• PROBLEM TO WORK ON:
Transcribe the entries below exactly, starting with the line that has "Nuovi prodotti a pendente di DESIGN V-TAC" and stopping after the line that has "Club Sessions Vol. 7"; no pictures belong in the copy.

• INPUT MATERIAL:
+ + + + +

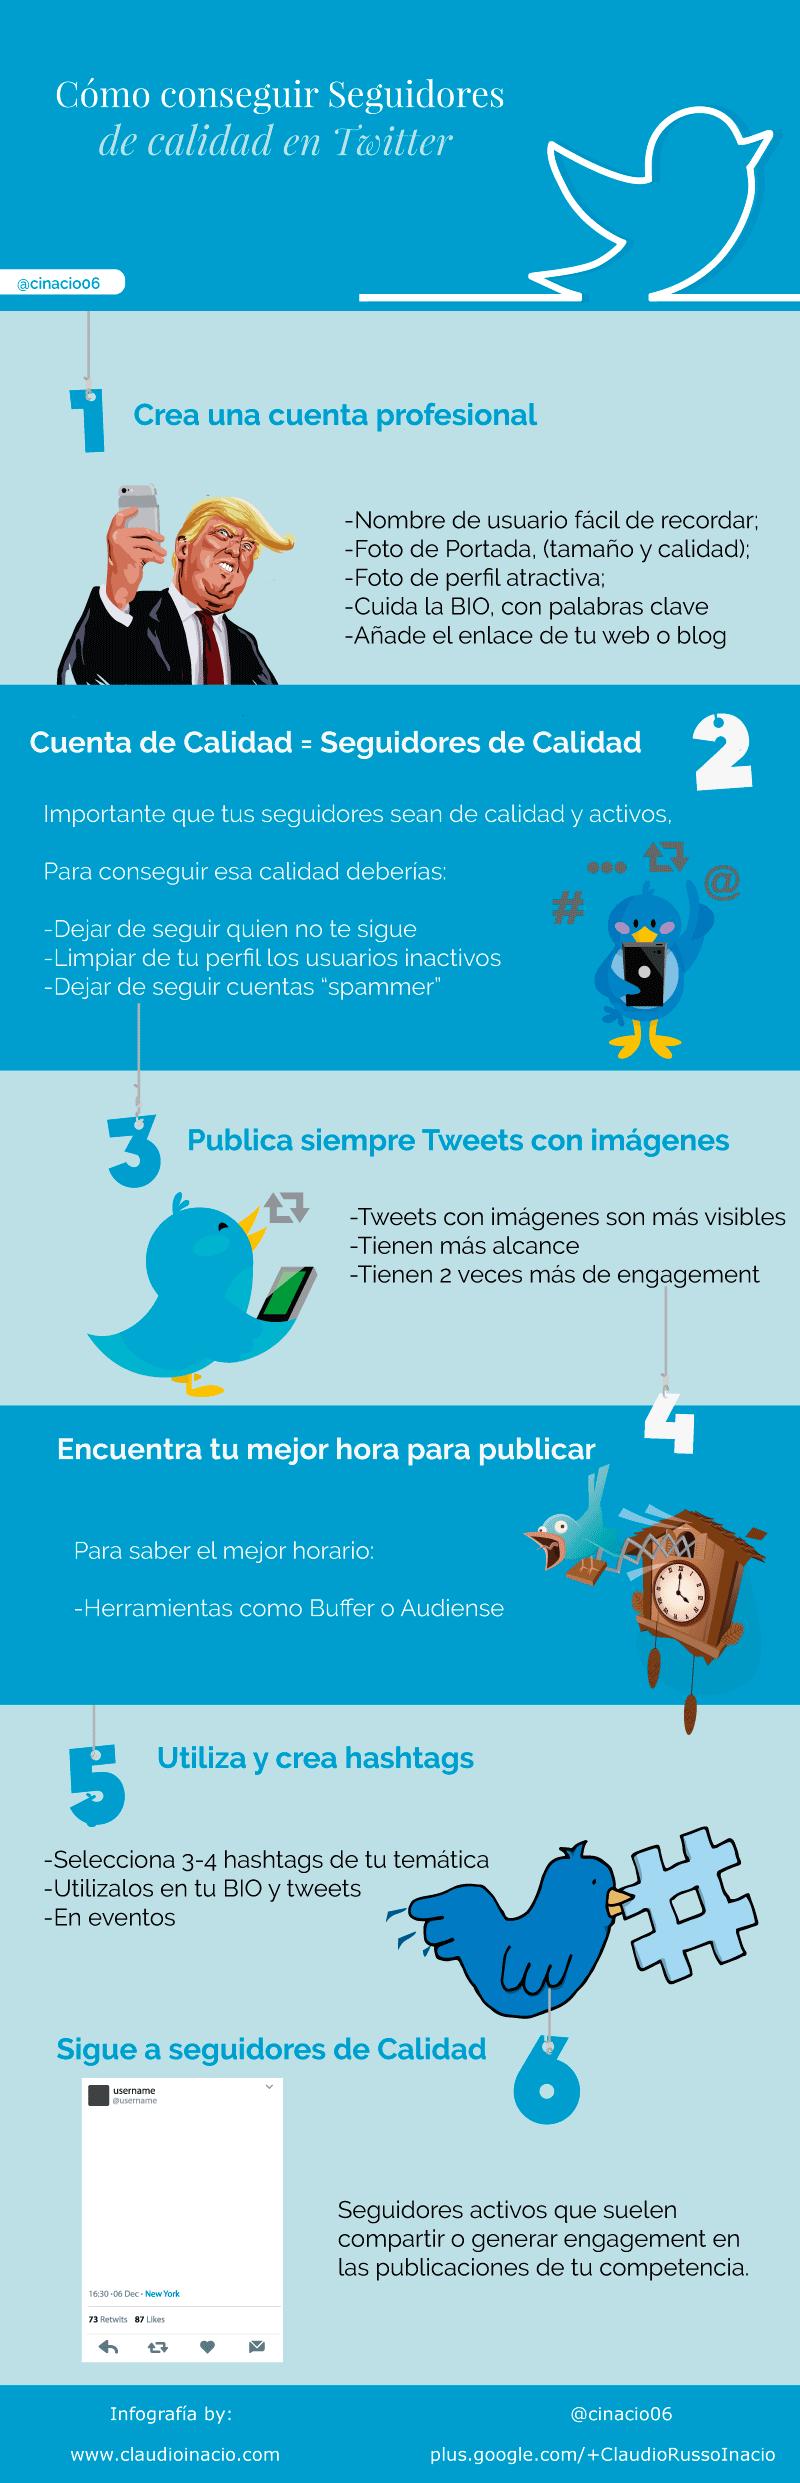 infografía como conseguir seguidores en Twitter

+ + + + +

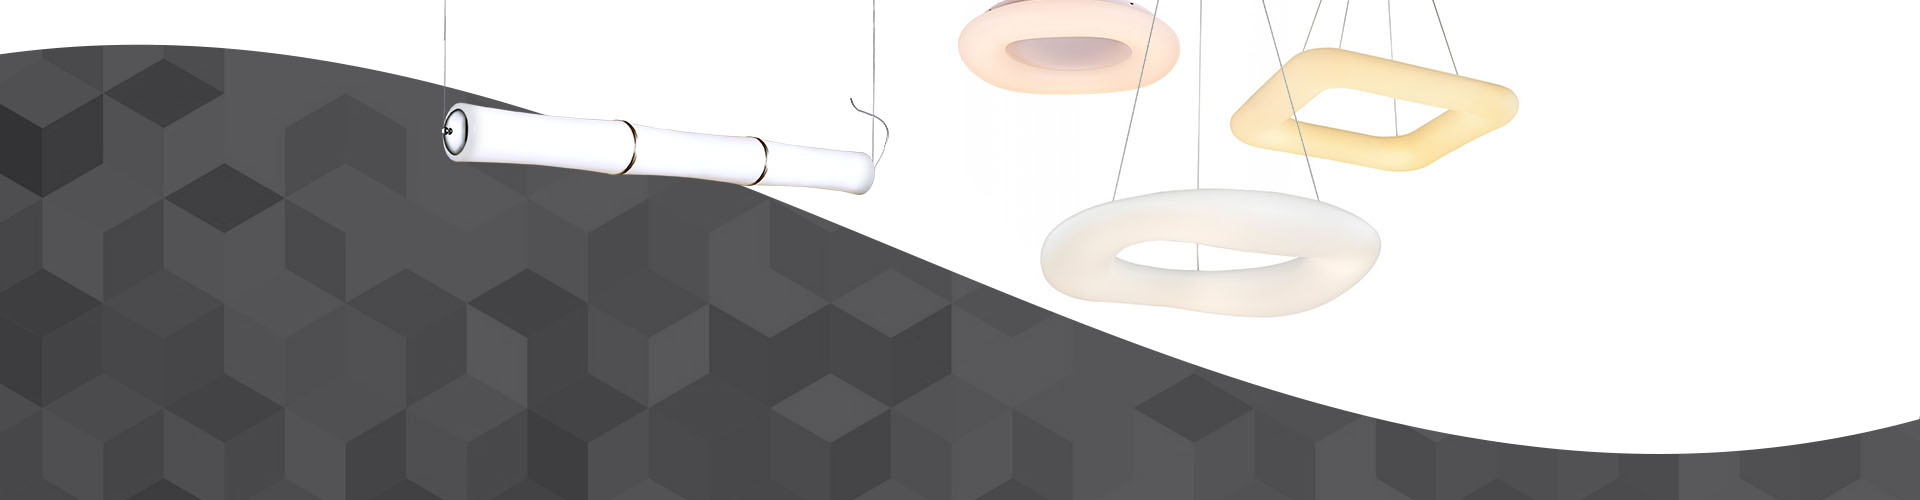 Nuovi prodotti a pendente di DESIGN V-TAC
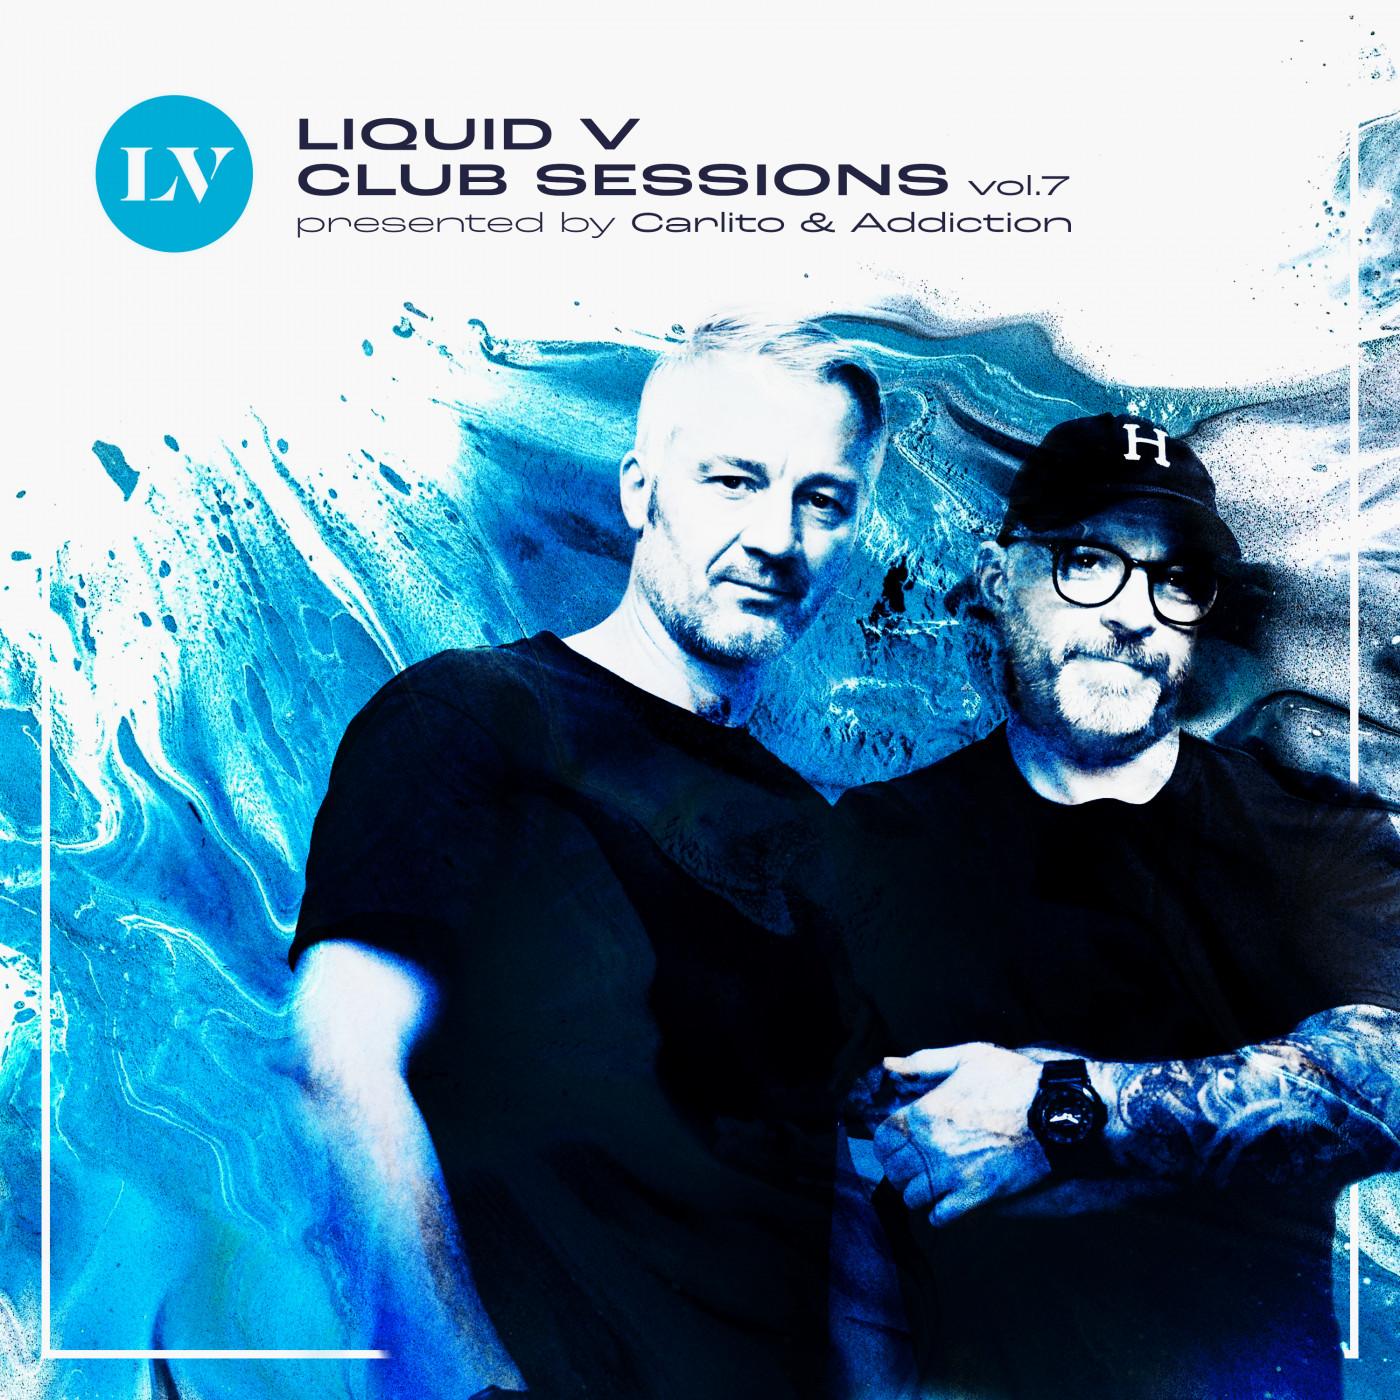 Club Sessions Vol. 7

+ + + + +

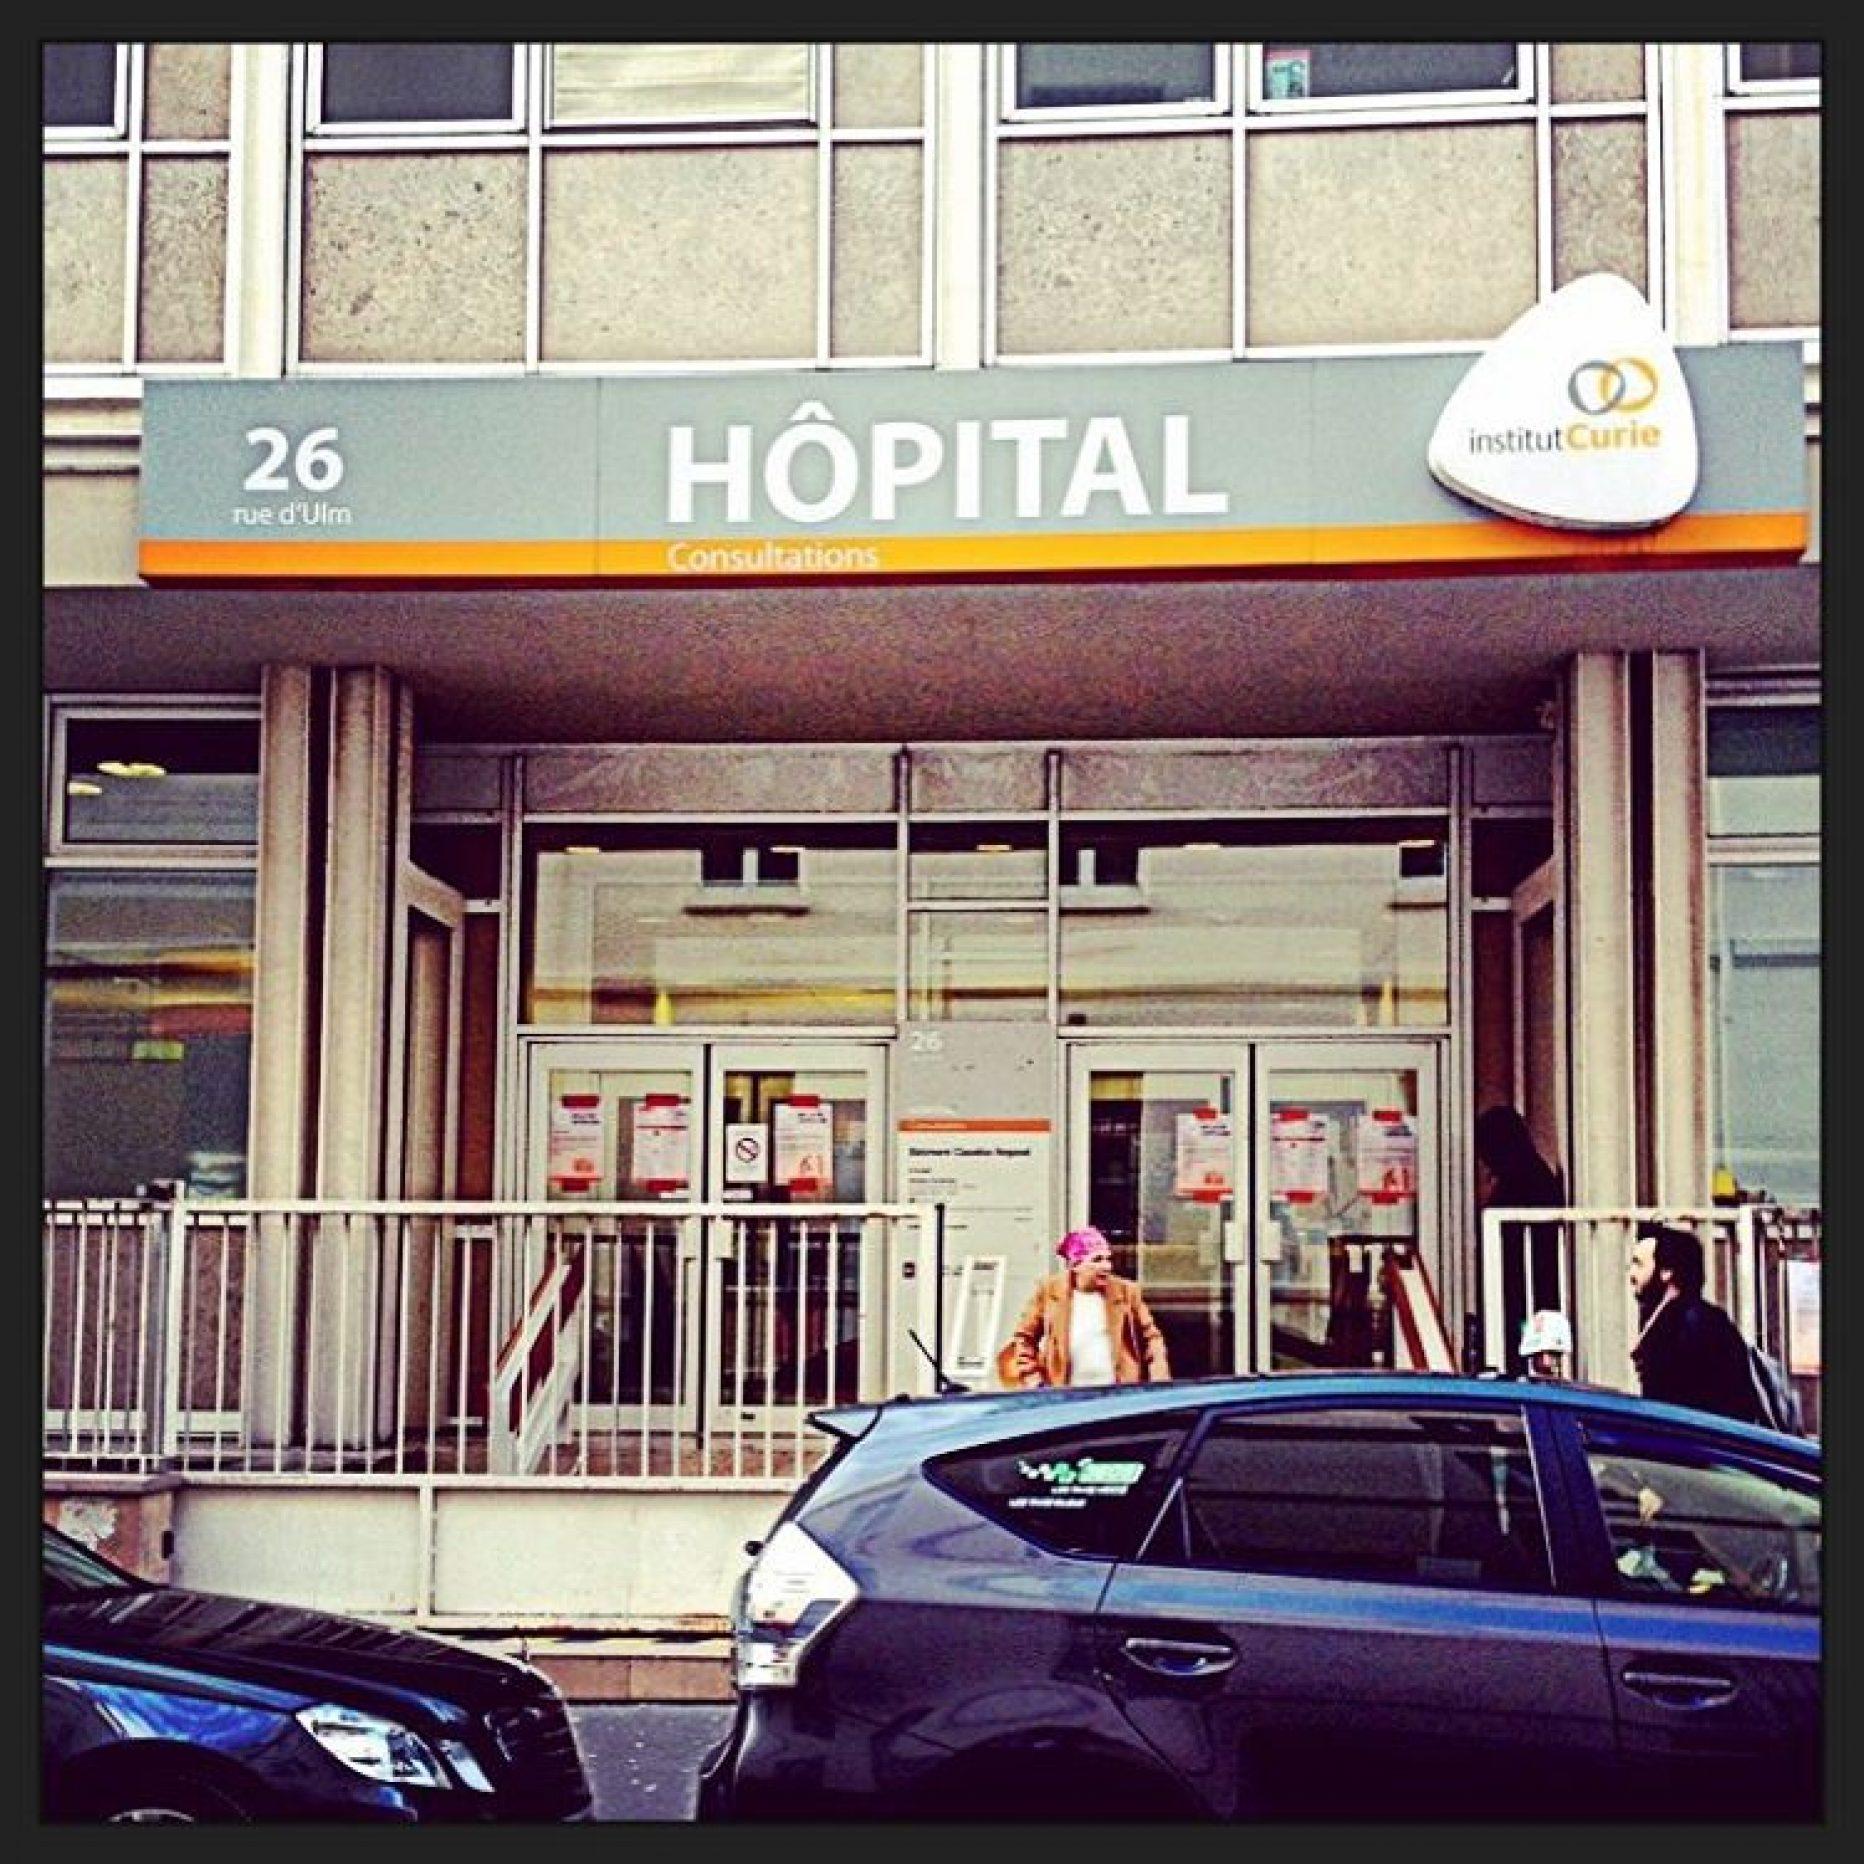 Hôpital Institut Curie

+ + + + +

• EXERCISE RESPONSE:
 Nuovi prodotti a pendente di DESIGN V-TAC
 Club Sessions Vol. 7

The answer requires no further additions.